Now this experienced Wall Street hand is combining his financial savvy with his boyhood love of baseball by heading a group of investors poised to buy a big stake in the Tampa Bay Devil Rays.

The 44-year-old Sternberg grew up in Brooklyn, N.Y., as a New York Mets fan. He attended Brooklyn's Canarsie High School and St. John's University in Queens and eventually landed at the New York securities trading firm Spear, Leeds & Kellogg.

There he made his mark trading options, complex investments based on the value of another underlying security, such as stocks, bonds or foreign currencies. Options are popular among many investors because they can be used to bet on the direction of a security with relatively little money up front.

Sternberg ultimately rose through the ranks to become head of equity option trading operations. Paul Stevens, president of the Options Industry Council in Chicago, dealt regularly with Sternberg about 15 years ago when Stevens was an executive vice president at the American Stock Exchange and Sternberg ran Spear Leeds' Amex trading floor operations.

"He was a well-regarded partner at SLK," Stevens said. "He enjoyed a reputation for having a lot of integrity."

But Spear Leeds' integrity has been periodically called into question by market regulators. In November 2001, the Amex fined the now-73-year-old firm $1-million, the exchange's largest disciplinary fine, for failing to adequately supervise a former managing director who was found to have made illegal stock and option trades in the mid 1990s.

In July, the New York Stock Exchange and the Securities and Exchange Commission fined the firm $450,000 for inadequate supervision of two trading floor clerks who allegedly executed improper stock purchases. And in November, the National Association of Securities Dealers charged a senior partner at the firm with making fraudulent trades.
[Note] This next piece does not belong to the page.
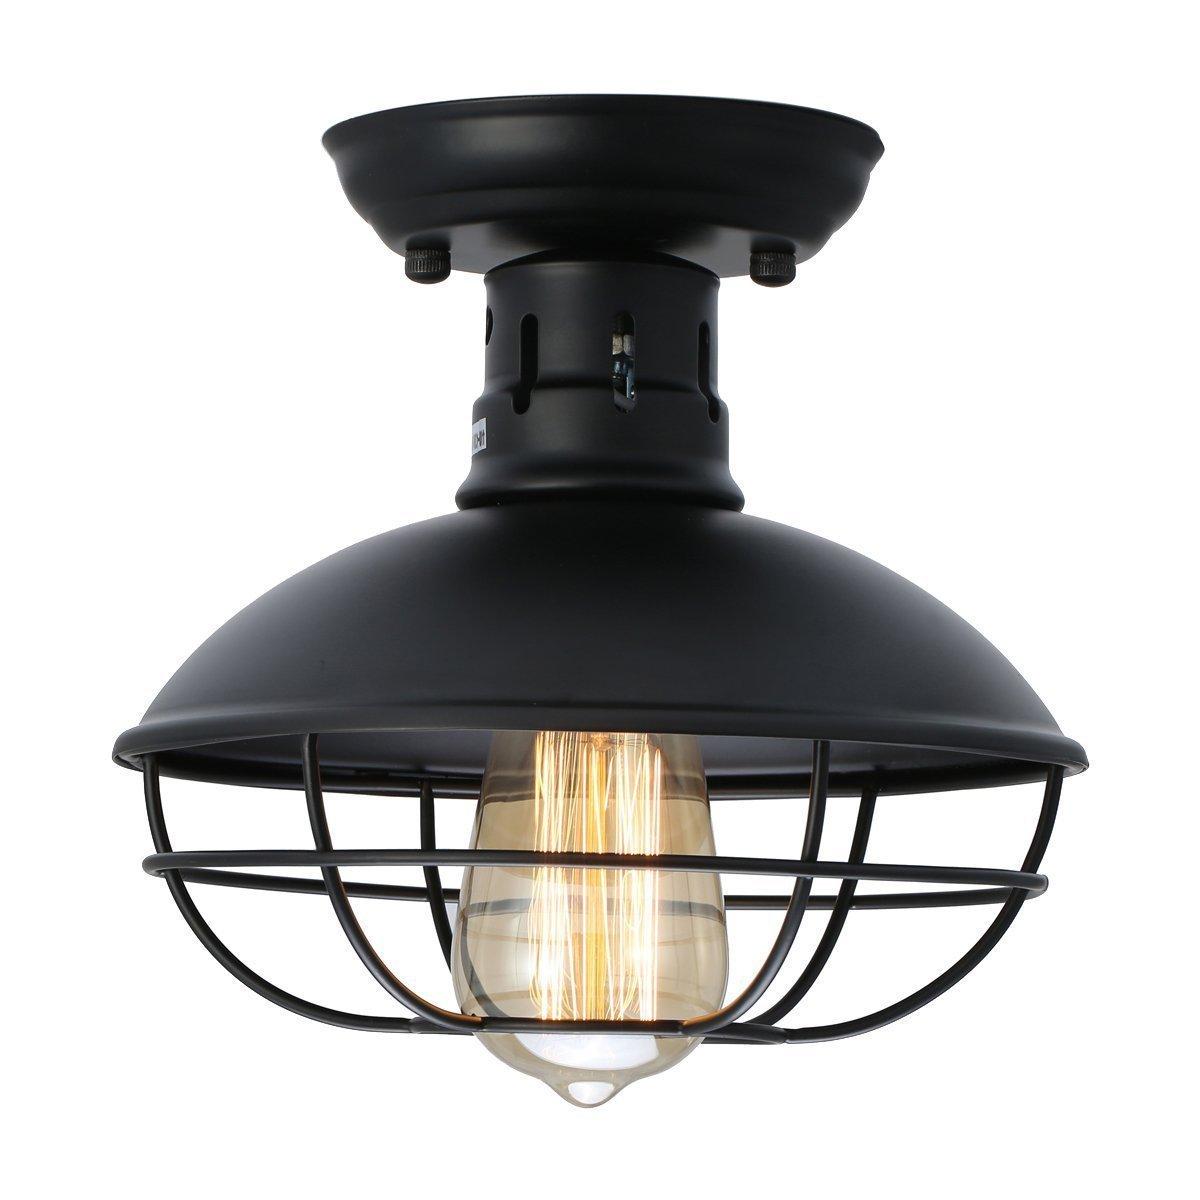 WEN Industrielle Metallkäfig-Deckenleuchte, E27 rustikale halb errichtete angebrachte hängende Beleuchtungs-Haube Schüssel-geformte Lampen-Befestigung für Land-Halle-Küche-Garagen-Portal-Badezimmer

Still, Spear Leeds remains one of the largest operators of trading posts on the floors of the Amex and the New York Stock Exchange. That status made it an attractive takeover target for Wall Street powerhouse Goldman Sachs, which acquired Spear Leeds in October 2000 for about $5.6-billion in cash and stock.

For Sternberg, a senior executive and a major shareholder, it marked a huge payday, although specific details about his windfall weren't available Thursday. As a Goldman subsidiary, Spear Leeds continues to do business under its own name. Sternberg took an early retirement from the firm in 2002, when public records show he sold 320,320 shares of Goldman stock for $24.5-million.

Goldman has long had a reputation on Wall Street as a Democratic Party stronghold, counting among its former top executives Robert Rubin, treasury secretary under President Bill Clinton, and Jon Corzine, a U.S. senator from New Jersey. A registered Democrat, Sternberg shared the same political sympathies, with campaign records showing he has been a regular contributor to Sen. Charles Schumer, D-N.Y., and, more recently, the presidential campaigns of Sens. John Kerry, D-Mass., and John Edwards, D-N.C. Records also show Sternberg donated money in 1996 and 1998 to the unsuccessful re-election campaign of Schumer rival and then-Sen. Alfonse D'Amato, R-N.Y.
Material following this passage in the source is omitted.